━━ THE DATA ━━

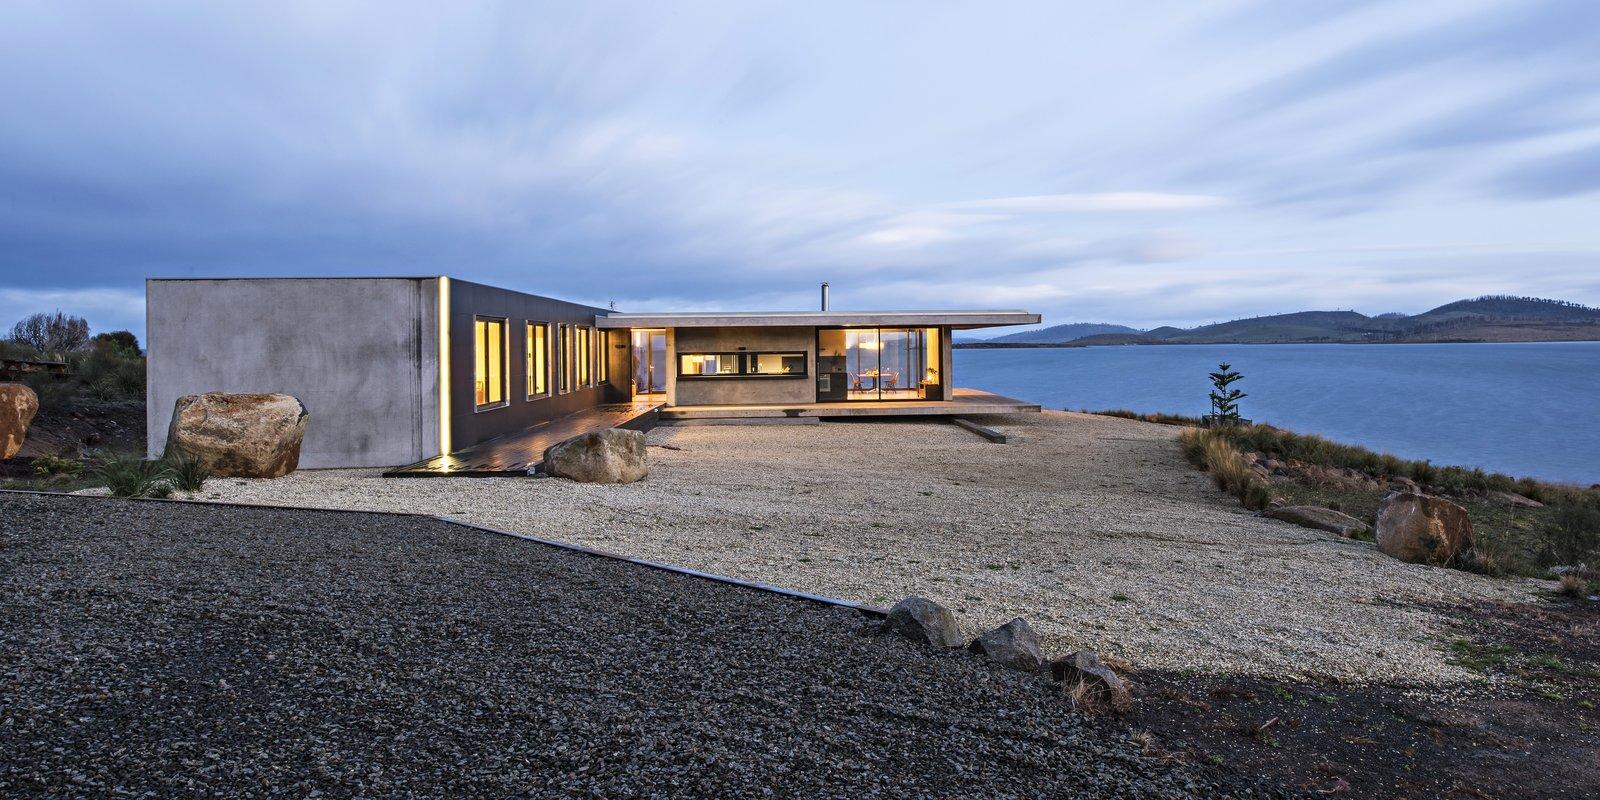 A Semi-Modular Beach House in Tasmania Floats Over a Site That Survived a Bushfire
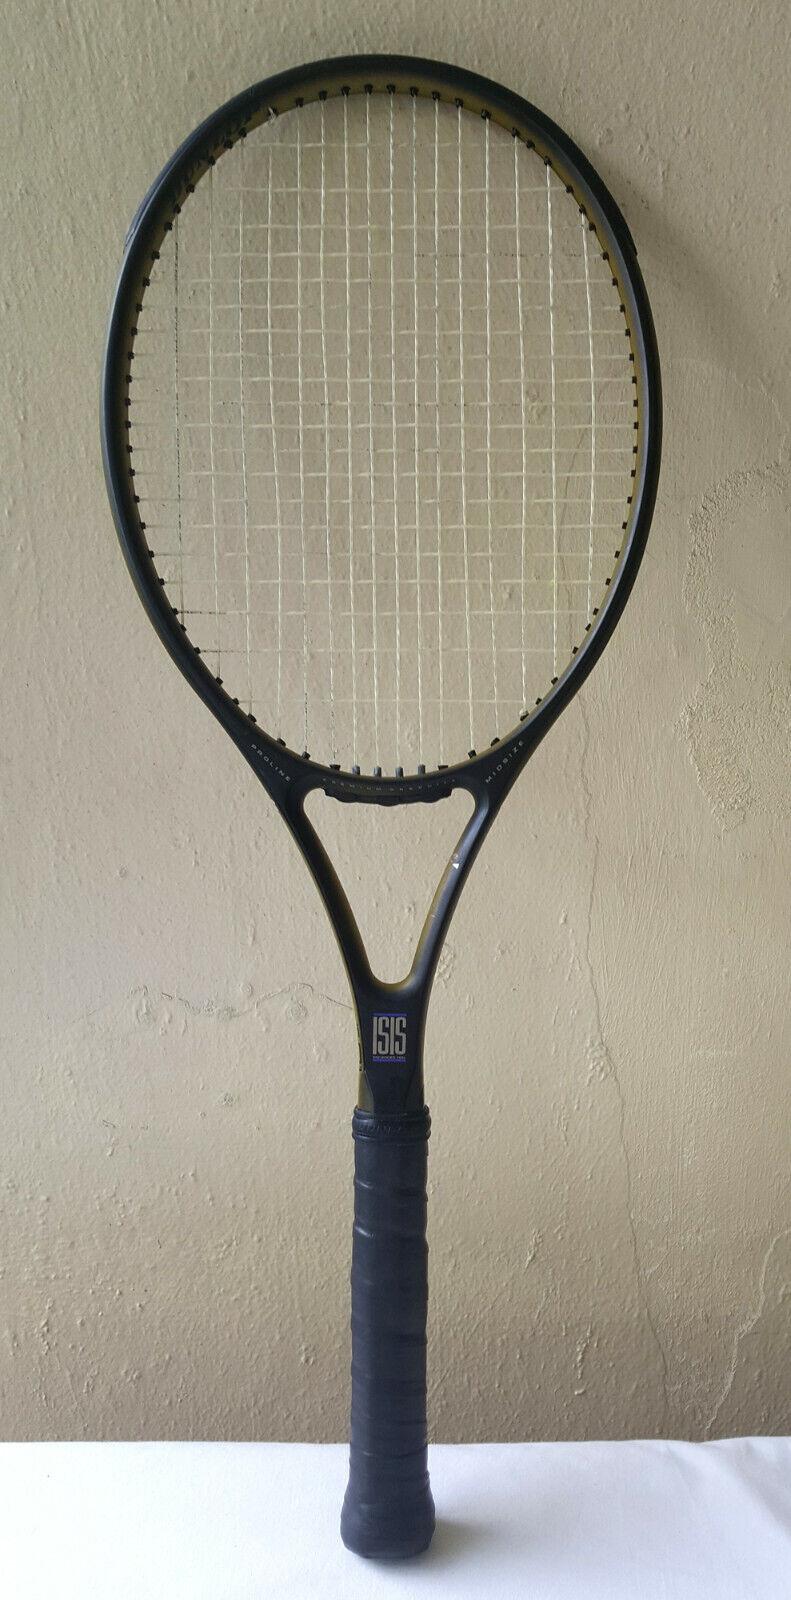 Dunlop Select Pro revelación Premium Grafito tenis raqueta  de tamaño mediano 4 1 8
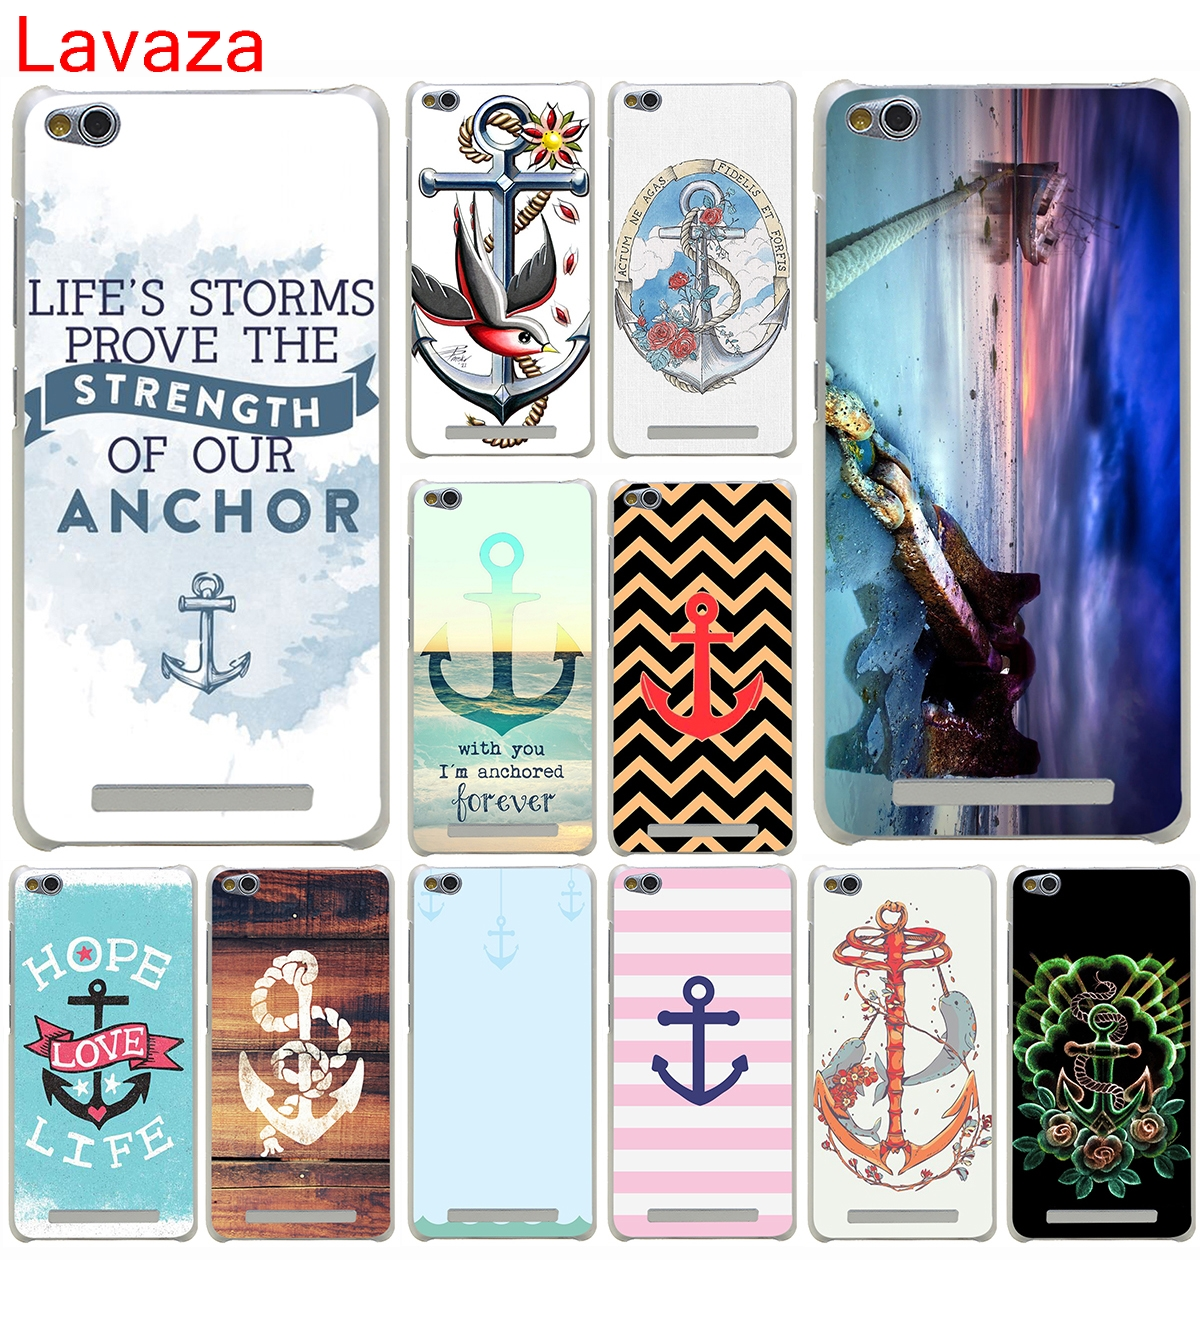 Lavaza Vintage Nautical Anchor White on Brown Wood Grain Hard Case for Xiaomi 6 5 5s Plus Redmi 3 4 Pro 4 Prime 4A Pro 4 4X

━━━

Quote, please, only the lines running from the one with "Dunlop Select Pro" down to the final line of the data above, keeping both ends and skipping the pictures.

__THE ANSWER__
 Dunlop Select Pro revelación Premium Grafito tenis raqueta  de tamaño mediano 4 1 8
 Lavaza Vintage Nautical Anchor White on Brown Wood Grain Hard Case for Xiaomi 6 5 5s Plus Redmi 3 4 Pro 4 Prime 4A Pro 4 4X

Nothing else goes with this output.